Objective and Methods:  Intravitreous aminoglycosides are widely used for the treatment and prophylaxis of endophthalmitis. Because the toxicity of 0.4 mg of gentamicin sulfate is well documented, many surgeons now use amikacin sulfate or low-dose gentamicin to reduce the risk of macular infarction. A survey of retinal specialists has suggested that amikacin or low-dose gentamicin can also cause macular toxic side effects. To further investigate this issue, the critical details of the case histories, findings, and course of 13 patients who received intravitreous injections of 0.2 to 0.4 mg of amikacin sulfate or 0.1 to 0.2 mg of gentamicin sulfate for prophylaxis or treatment of endophthalmitis are summarized. For several patients, complete case histories and a fluorescein angiogram are provided.

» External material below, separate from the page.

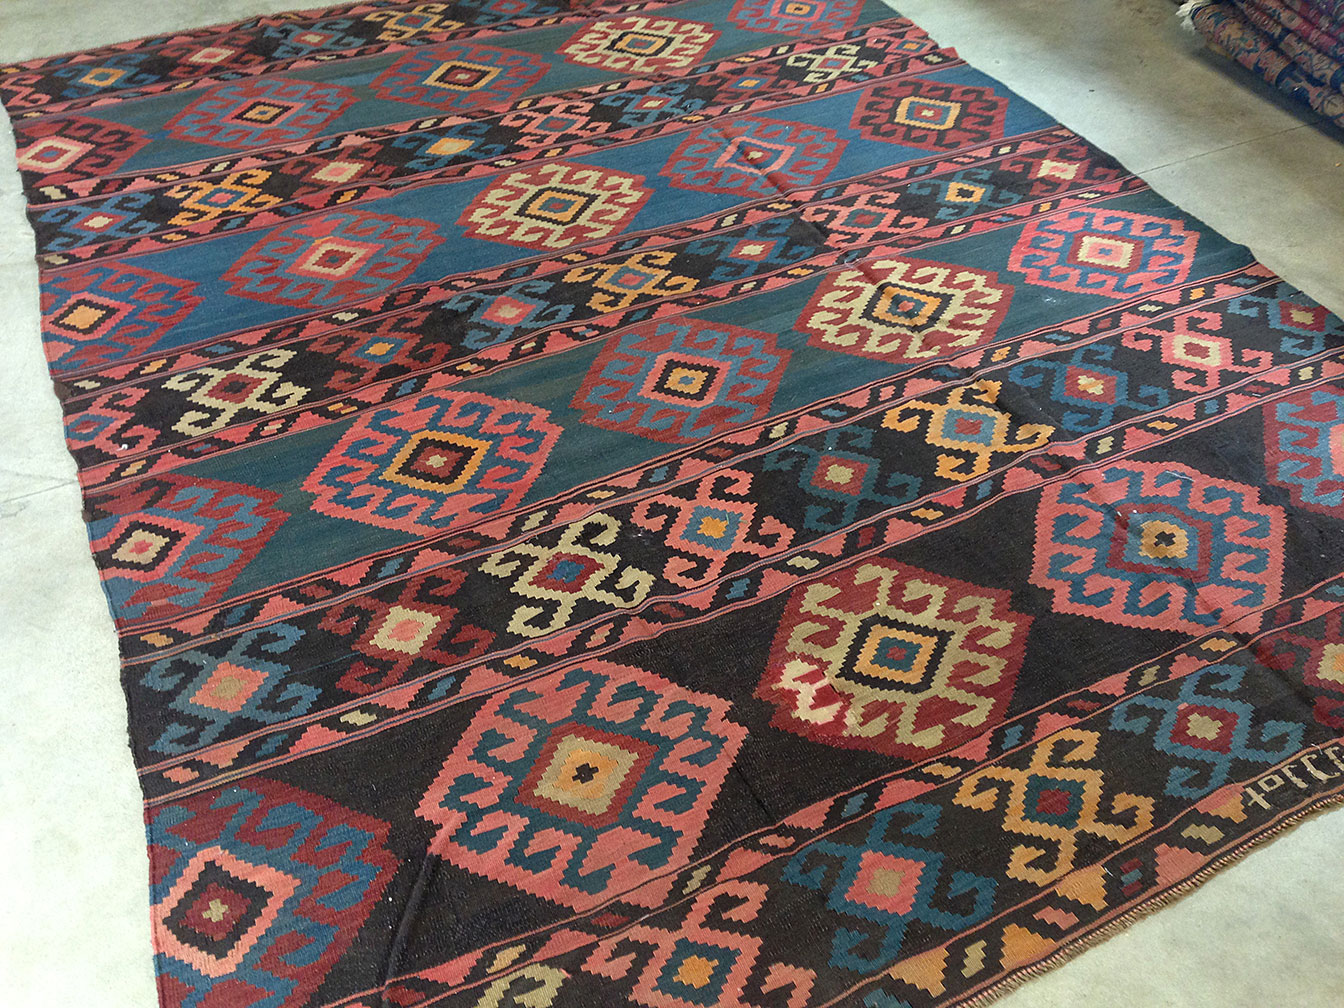 Antique kilim Carpet - # 50427

Results:  These cases suggest that amikacin and low-dose gentamicin, similar to gentamicin sulfate at a dose of 0.4 mg, can cause macular infarction. The causative dose cannot be ascertained in any of the cases, but doses were prepared by hospital pharmacists using typewritten protocols, a practice that helps to prevent dilution errors. Several of these cases differ from previously reported cases of aminoglycoside toxicity in that the involvement of the macula was quite discrete. Most of the patients suffered severe visual loss, but two patients, in whom most of the nonperfusion was adjacent to the macula and in whom some of the perifoveal capillaries were spared, recovered 20/50 visual acuity.

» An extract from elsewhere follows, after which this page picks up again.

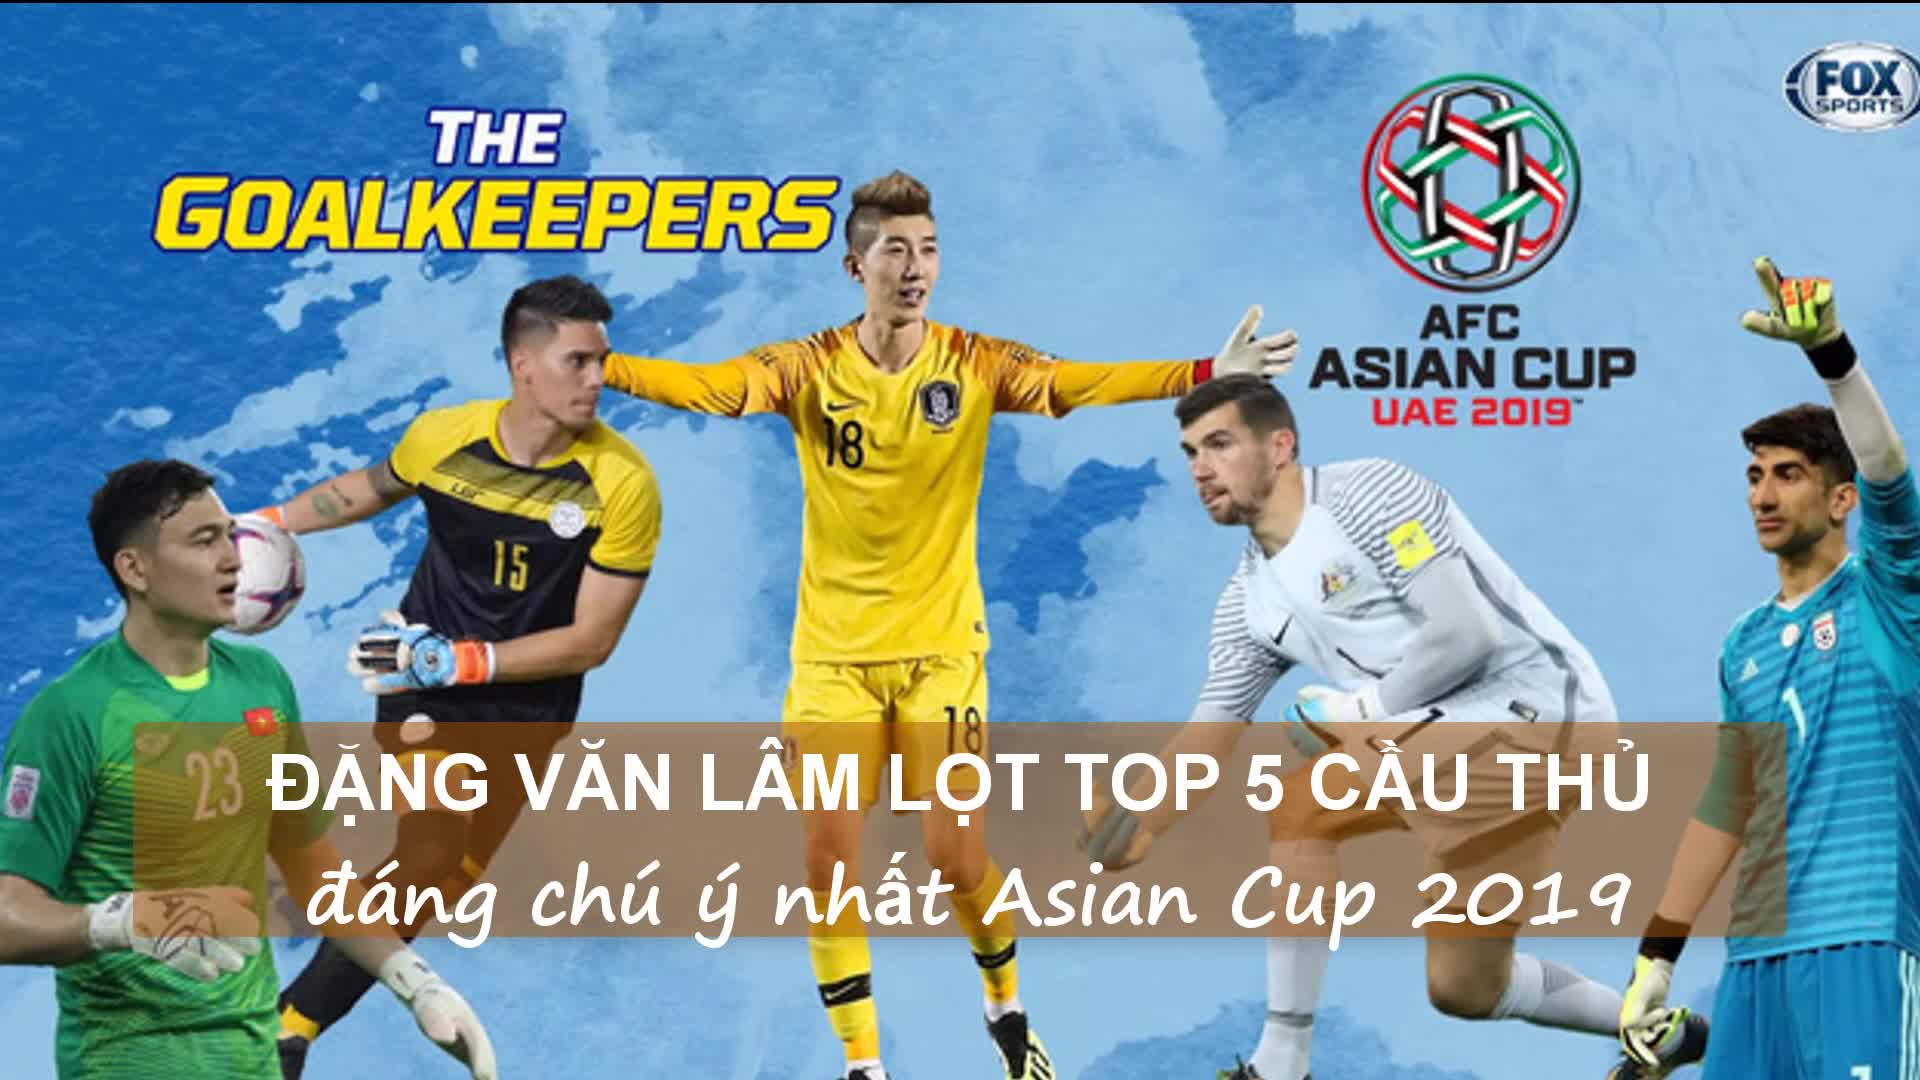 Clip: Đặng Văn Lâm lọt top 5 thủ môn đáng chú ý nhất Asian Cup 2019

Conclusions:  These cases emphasize the potential hazards of the intravitreous use of aminoglycosides. A toxic reaction can occur even when injection of low doses is intended and precautions are made to avoid dilution errors. A localized increase in concentration in dependent areas of the retina may play a role in aminoglycoside toxicity. If some of the perifoveal capillaries are spared, retention of some central vision is possible. Consideration should be given to substituting ceftazidime for aminoglycosides for the treatment and prophylaxis of endophthalmitis.